Snapshot: Key Metrics
| Metric | Value |
|---|---|
| NVIDIA Contract Value | $3.4B (5-year) |
| NVIDIA Investment Option | Up to $2.1B at $70/share |
| AI Capacity Target | Up to 5 GW |
| Sweetwater 1 Campus (Texas) | 1.4 GW |
| Nostrum Group Acquisition (Spain) | ~490 MW |
| Mirantis Acquisition | $625M |
| TTM Revenue (as of Mar 2026) | $757M (+104.8% YoY) |
| Market Capitalization | $21.87B |
| 52-Week Stock Range | $6.76 – $76.87 |
| BTIG Price Target | $80 (Buy) |
| HC Wainwright Price Target | $85 (Buy) |
The Financial Picture: Growth With Red Ink
IREN’s top-line momentum is undeniable. Trailing-twelve-month revenue hit $757 million as of March 2026, more than doubling year-over-year. But the company’s most recent quarter — Q3 fiscal 2026 ending March 2026 — showed revenue of $144.8 million alongside a diluted loss of $0.74 per share, as the company absorbs heavy capital expenditures ahead of its infrastructure buildout.
The revenue trajectory has been uneven, peaking at $240.3 million in Q1 FY2026 (ending September 2025) before stepping down as Bitcoin-related revenue declined and the AI revenue ramp lagged. Investors are essentially underwriting IREN’s future: at a market cap of $21.87 billion on TTM revenue of $757 million, the stock trades at roughly 29 times sales — a valuation that prices in significant execution on the NVIDIA partnership and beyond.
The Risks: Can IREN Execute at This Scale?
The bull case for IREN rests almost entirely on future execution. NVIDIA’s investment option is precisely that — an option, not a commitment. The chipmaker has no obligation to deploy the full $2.1 billion, and the $3.4 billion cloud contract is a five-year target rather than guaranteed upfront revenue.
IREN is also carrying significant losses. Despite doubling revenue, it reported a net loss of $0.74 per diluted share in its most recent quarter. Building out gigawatt-scale data centers requires capital well ahead of the revenue those facilities generate. The company will likely need to access debt or equity markets to fund the Sweetwater, Nostrum, and Mirantis commitments simultaneously.
Competition is intensifying as well.

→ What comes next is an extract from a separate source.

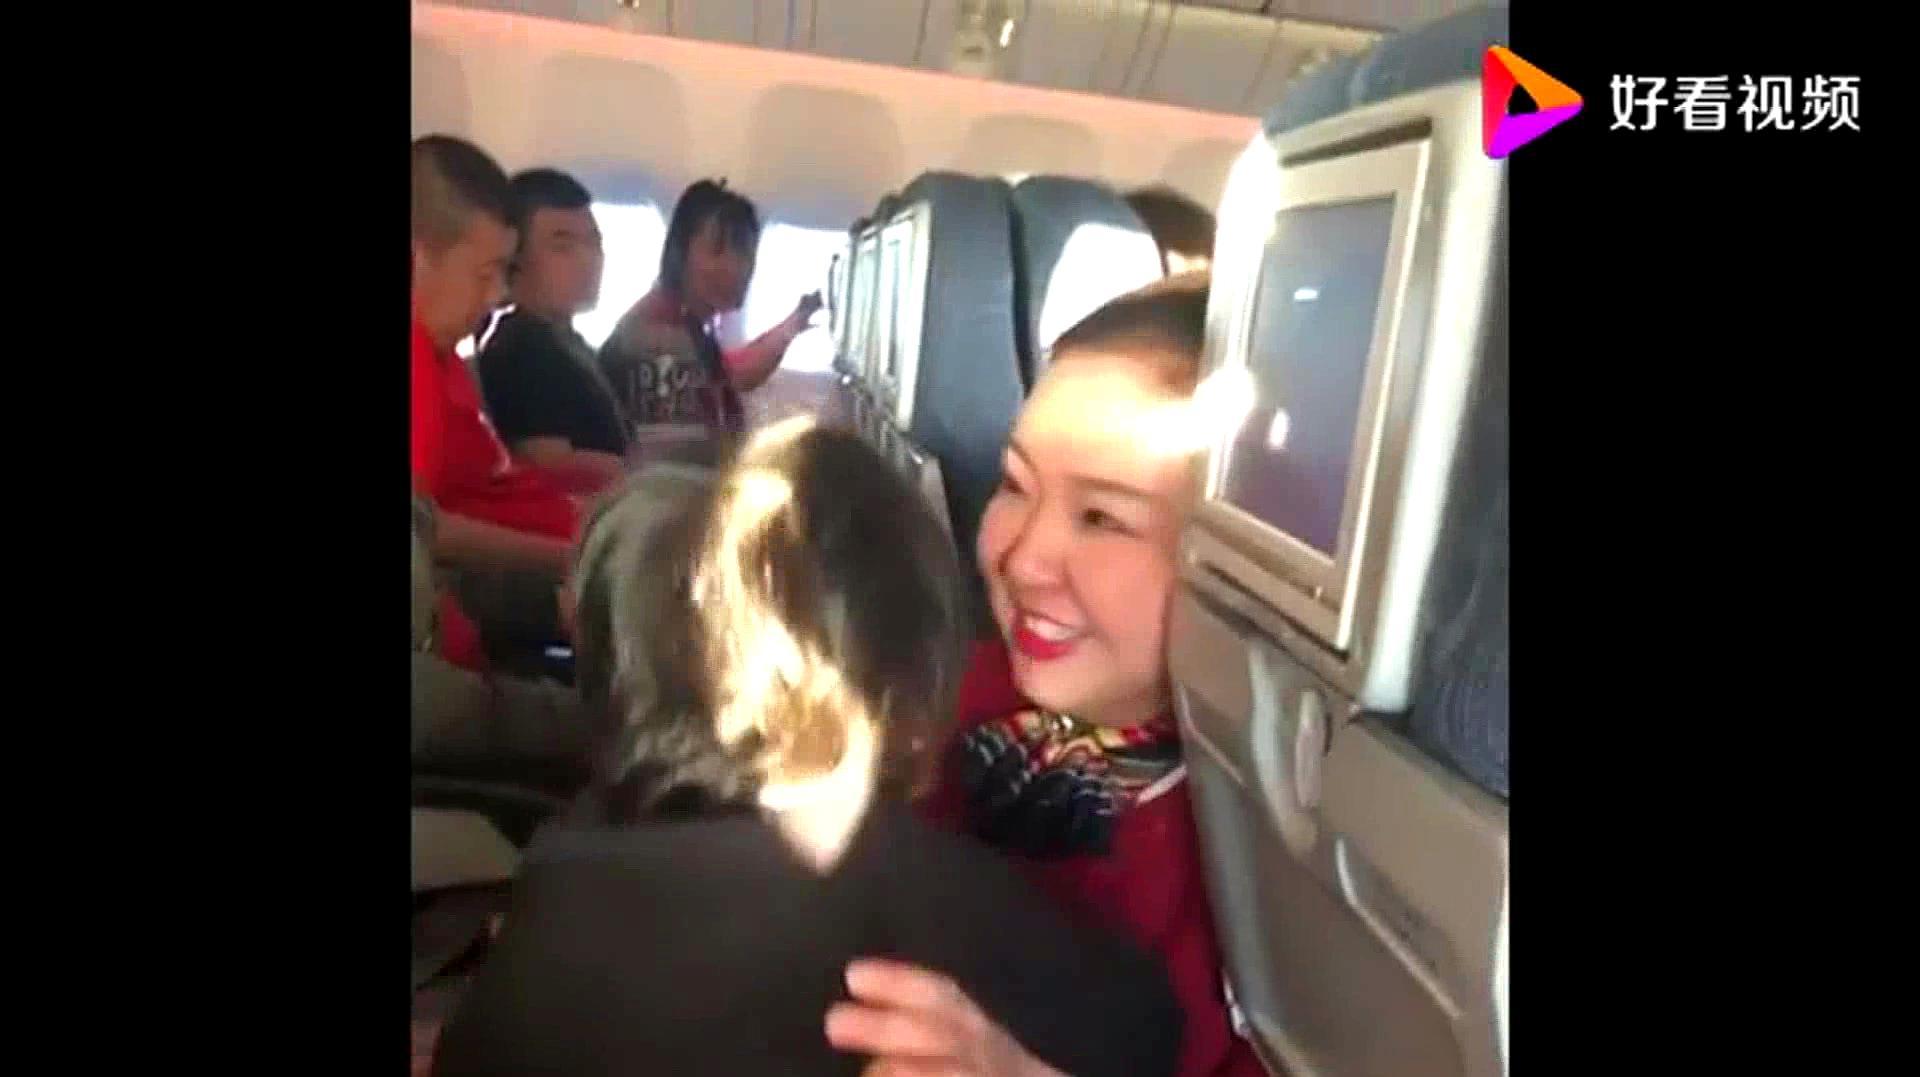 一岁的小宝宝,一看到空姐就赖上人家了,小小年纪还真拿她没办法

Hyperscalers like Microsoft, Google, and Amazon are building their own AI data centers at scale, while dedicated operators including CoreWeave and Lambda Labs compete for the same GPU compute contracts. IREN’s renewable-energy DNA and flexible footprint may be differentiating factors — but they will need to prove out at production scale.
Bottom Line
Few companies in the market have transformed as visibly as IREN. A stock trading below $7 a year ago now anchors a $21 billion enterprise, and a contract once used to mine Bitcoin is now pointing 5 gigawatts of capacity at artificial intelligence. The NVIDIA deal is the most concrete validation yet that IREN’s pivot is more than a narrative — but the distance between a signed contract and operational scale is where ambitions are tested.
Sources
- IREN financials and stock data — Stock Analysis
- IREN quarterly revenue data — Stock Analysis
- IREN news, analyst targets, and NVIDIA deal details — MarketBeat
Disclosure: This article was produced with AI assistance and reviewed before publication. It is for informational purposes only and is not investment advice.